Durham expanded Trump probe to include criminal investigation of financial deals: Report

After four years of wondering what special counsel John Durham has been doing, only to learn that there was no wrongdoing in the Trump-Russia investigation, The New York Times has published a report claiming Italian officials tipped Durham off in 2019 to alleged financial crimes committed by Donald Trump and sparked a separate investigation.

According to The Times, which interviewed “more than a dozen current and former officials,” Durham “spent his first months looking for any evidence that the origin of the Russia investigation involved an intelligence operation targeting the Trump campaign.”

After finding nothing in the CIA’s files to support the allegation that “the origin of the Russia investigation involved an intelligence operation targeting the Trump campaign,” Durham and then-Attorney General Bill Barr “traveled abroad together to press British and Italian officials to reveal everything their agencies had gleaned about the Trump campaign and relayed to the United States, but both allied governments denied they had done any such thing.”

It was on one of those trips abroad, according to anonymous “people familiar with the matter,” that “Italian officials — while denying any role in setting off the Russia investigation — unexpectedly offered a potentially explosive tip linking Mr. Trump to certain suspected financial crimes.”

Reports The Times:

Mr. Barr and Mr. Durham decided that the tip was too serious and credible to ignore. But rather than assign it to another prosecutor, Mr. Barr had Mr. Durham investigate the matter himself — giving him criminal prosecution powers for the first time — even though the possible wrongdoing by Mr. Trump did not fall squarely within Mr. Durham’s assignment to scrutinize the origins of the Russia inquiry, the people said.

 

Now, The Times and the media outlets that have picked its story up are calling this a “bombshell report.

And, indeed, The Times is using such words as “explosive” and “serious and credible” to frame the Italian tip. The outlet is painting a cloak-and-dagger picture of Barr and Durham meeting over glasses of scotch and going rogue with an investigation they were potentially keeping from the White House.

But strip away the leading adjectives and the anecdotal observations, and you’ll find that the story is far less interesting than The Times would have readers think.

Even with all their anonymous sources, no one seems to know what the Italians told Barr and Durham, other than it was super serious and totally credible.

Acting appropriately, Barr and Durham followed up on the tip and it apparently went nowhere.

But The Times thinks this “secret” investigation is “extraordinary.”

The Times writes:

Mr. Durham never filed charges, and it remains unclear what level of an investigation it was, what steps he took, what he learned and whether anyone at the White House ever found out. The extraordinary fact that Mr. Durham opened a criminal investigation that included scrutinizing Mr. Trump has remained secret.

 

But was it really “extraordinary”?

Anyone who has ever seen an episode of “Law & Order” knows that authorities don’t comment on ongoing investigations because they often include dead-end tips that can cloud the path to the truth.
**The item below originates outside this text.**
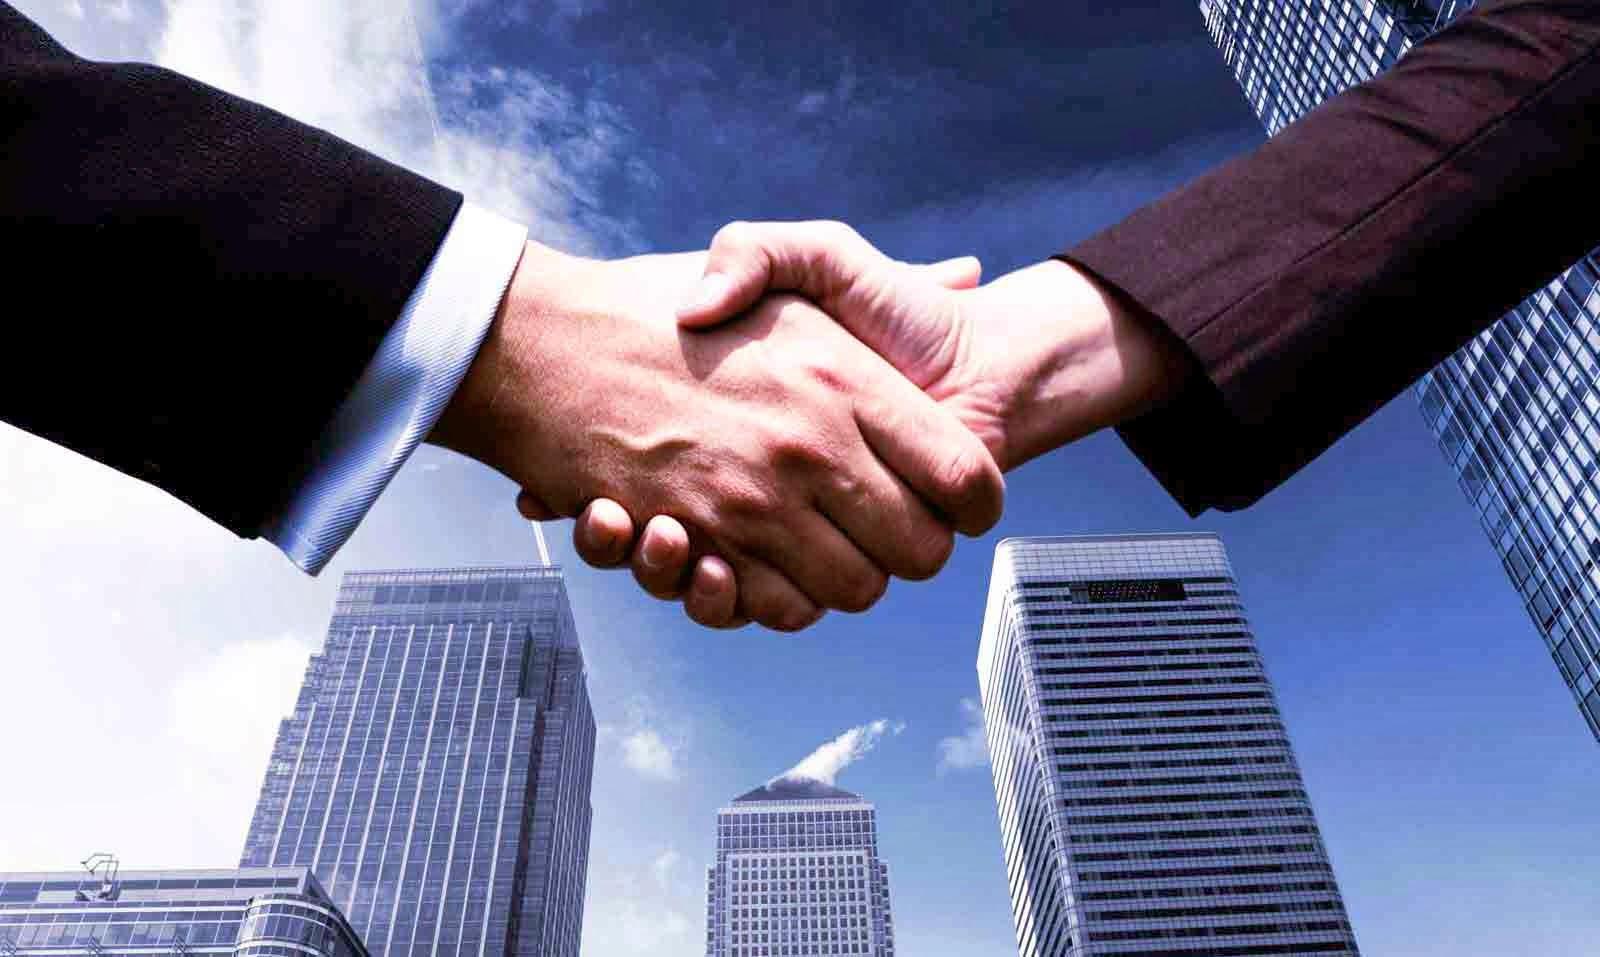 Hướng dẫn thành lập doanh nghiệp đơn giản nhất - CÔNG TY TNHH DOHICO

In its attempt to turn what appears to be a nothingburger into Kobe beef, The Times notes that a “garbled” account of the investigation made it into the hands of a press that was getting rich off hating Trump:

But in October 2019, a garbled echo became public. The Times reported that Mr. Durham’s administrative review of the Russia inquiry had evolved to include a criminal investigation, while saying it was not clear what the suspected crime was. Citing their own sources, many other news outlets confirmed the development.
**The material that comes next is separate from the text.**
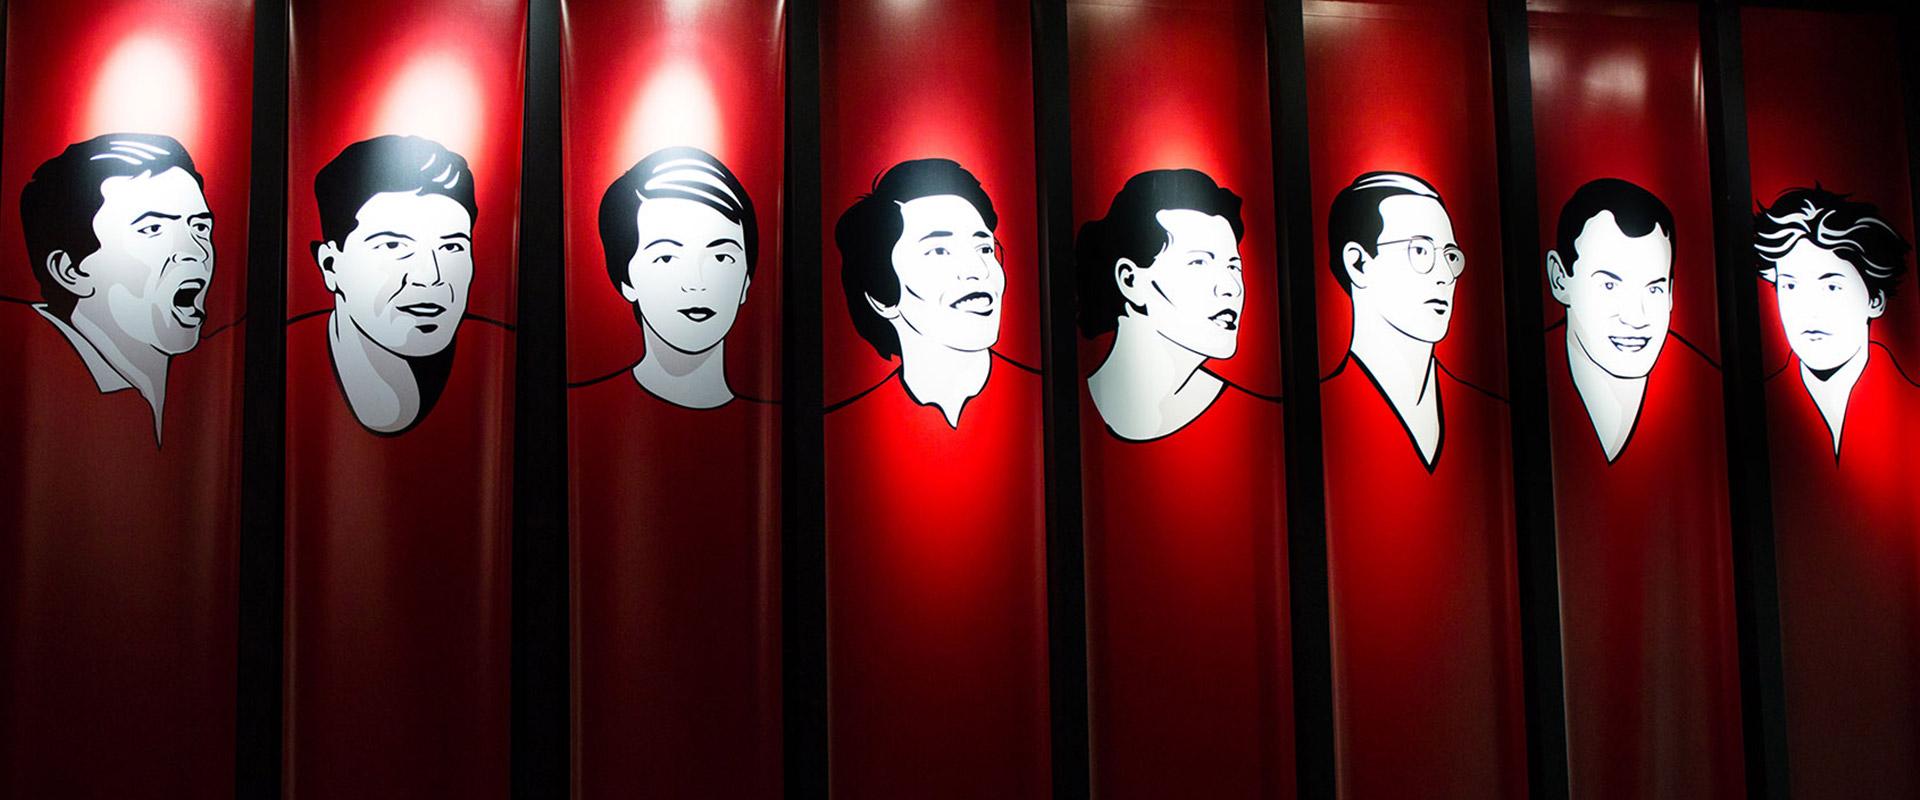 iluminacao-arquitetural-LED_museu-benfica

The news reports, however, were all framed around the erroneous assumption that the criminal investigation must mean Mr. Durham had found evidence of potential crimes by officials involved in the Russia inquiry. Mr. Barr, who weighed in publicly about the Durham inquiry at regular intervals in ways that advanced a pro-Trump narrative, chose in this instance not to clarify what was really happening.

 

It’s interesting to note that, while The Times implies the handling of the Italian tip involved something nefarious and secretive, it attempted to discredit Durham for his pursuit of other potential leads, including those connected to George Soros:

Mr. Durham used Russian intelligence memos — suspected by other U.S. officials of containing disinformation — to gain access to emails of an aide to George Soros, the financier and philanthropist who is a favorite target of the American right and Russian state media. Mr. Durham used grand jury powers to keep pursuing the emails even after a judge twice rejected his request for access to them. The emails yielded no evidence that Mr. Durham has cited in any case he pursued.

 

So, to recap, Durham’s silence while following up on a lead that pointed to potential criminal activity by Trump is “explosive,” but his actions surrounding a lead that pointed to Soros is him on a witch hunt for “a favorite target of the American right” and, of course, Russia.

Both leads apparently went nowhere.

Much like The Times’ “bombshell” report.